Attributes of a Population
A population possesses characteristics that an individual organism does not.
1. Birth Rate (Natality)
- Definition
- Number of births per individual (per capita) in a population during a given time.
- Example
- If 20 lotus plants produce 8 new plants in one year:
- Birth rate = 8 / 20 = 0.4 offspring per individual per year.
- Effect
- Increases population density.
2. Death Rate (Mortality)
- Definition
- Number of deaths per individual (per capita) during a given time.
- Example
- If 4 out of 40 fruit flies die:
- Death rate = 4 / 40 = 0.1 per individual.
- Effect
- Decreases population density.
3. Sex Ratio
- Definition
- Proportion of males and females in a population.
- Example
- 60% females and 40% males.
- Importance
- Determines reproductive potential and future population growth.
4. Age Distribution (Age Structure)
- Definition
- Proportion of individuals in different age groups within a population.
- Ecological Age Groups
- Pre-reproductive (juvenile)
- Reproductive (adult)
- Post-reproductive (old)
Age Pyramid
Graphical representation of age distribution in a population.
Types of Age Pyramids
- Triangular (Expanding Population)
- Large pre-reproductive group
- Rapid population growth
- Bell-shaped (Stable Population)
- Nearly equal proportion in all age groups
- Zero or very slow growth
- Urn-shaped (Declining Population)
- Larger post-reproductive group
- Negative population growth
Age structure directly influences natality and mortality.
5. Population Size and Density (N)
- Definition
- Population density is the number of individuals of a species per unit area or volume at a given time.
- Importance
- Indicates population status within a habitat.
- Population size may range from a few individuals to millions.
Methods of Measuring Population Density
- Total Count
- Total number of individuals present.
- Not practical for very large populations.
- Per Cent Cover or Biomass
- Used when counting individuals is impractical or misleading.

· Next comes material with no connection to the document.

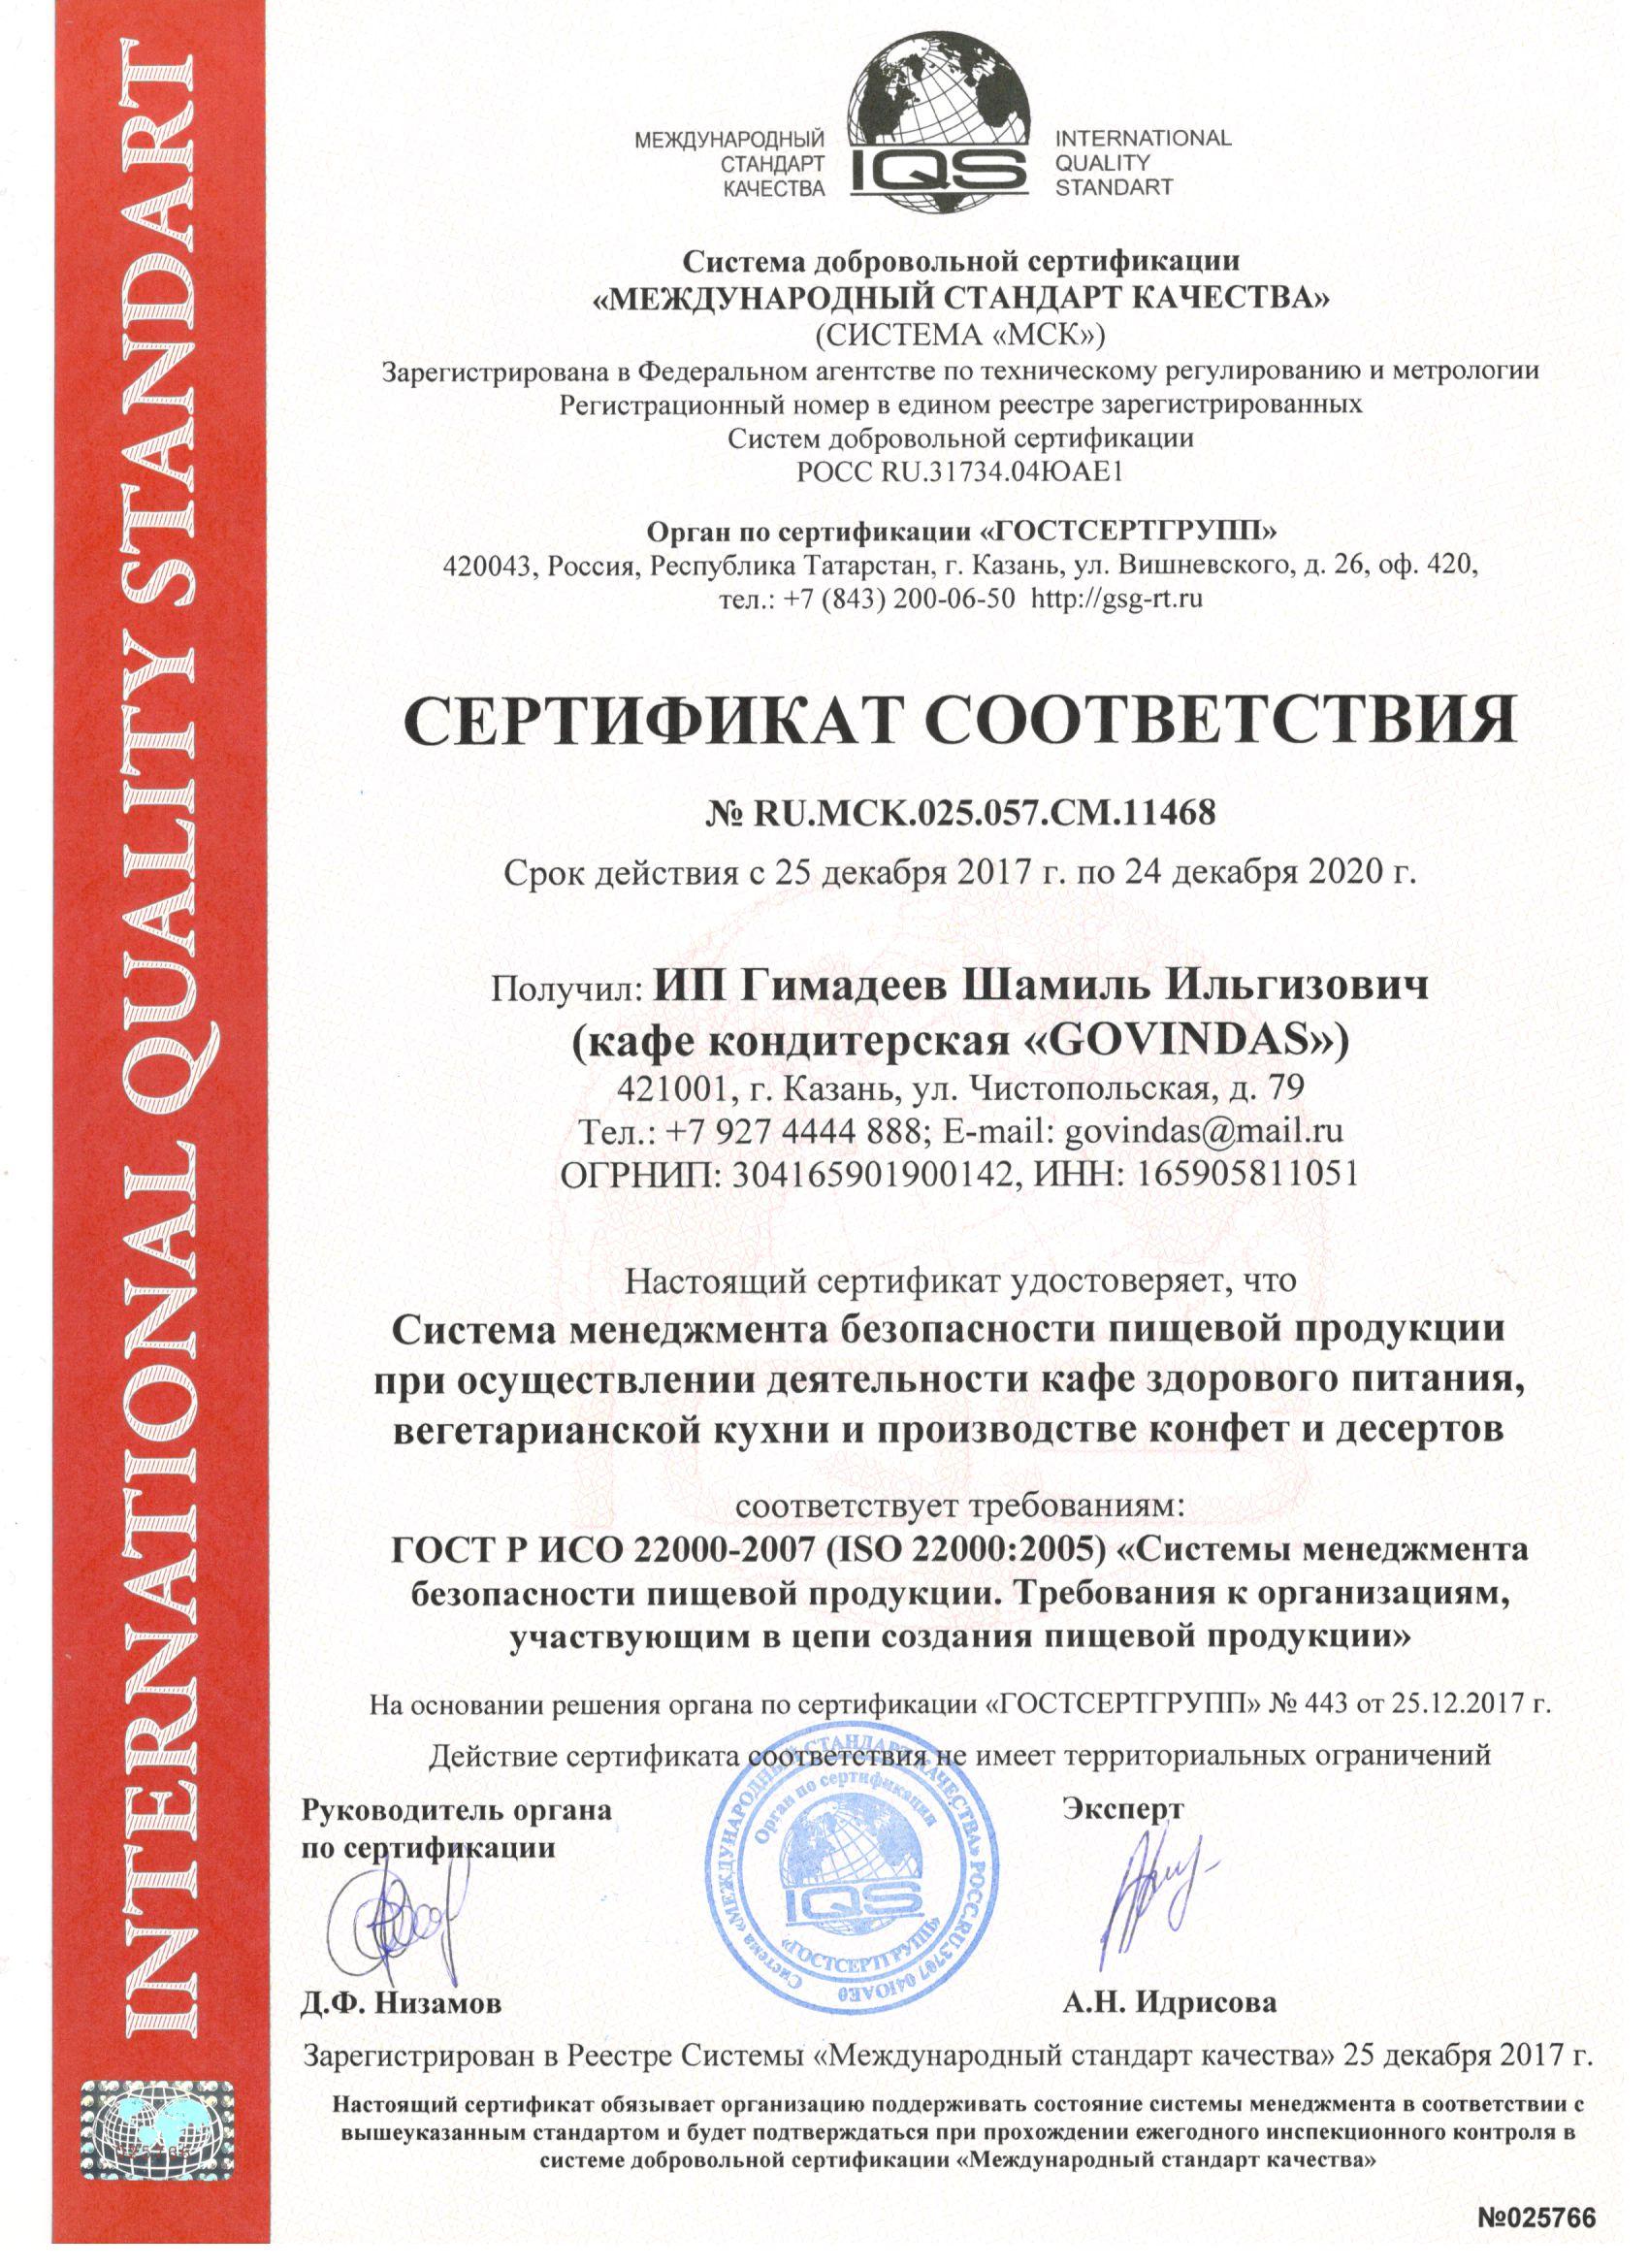 сертификат соответстви

- Example: One large banyan tree versus thousands of small weed plants.
- Relative Density
- Uses indirect indicators of abundance.
- Examples:
- Bacterial colonies in a petri dish
- Number of fish caught per trap
- Indirect Estimation
- Used when direct counting is difficult.
- Examples:
- Pug marks for tiger census
- Fecal pellets for wildlife estimation
Age distribution and population density together help determine growth trends and ecological stability.
Population Growth
Dynamic Nature
- Population size is not static; it changes over time.
Factors Influencing Population Size
- Food availability
- Predation pressure
- Weather conditions
- Habitat conditions
Population density helps determine whether a population is increasing or decreasing.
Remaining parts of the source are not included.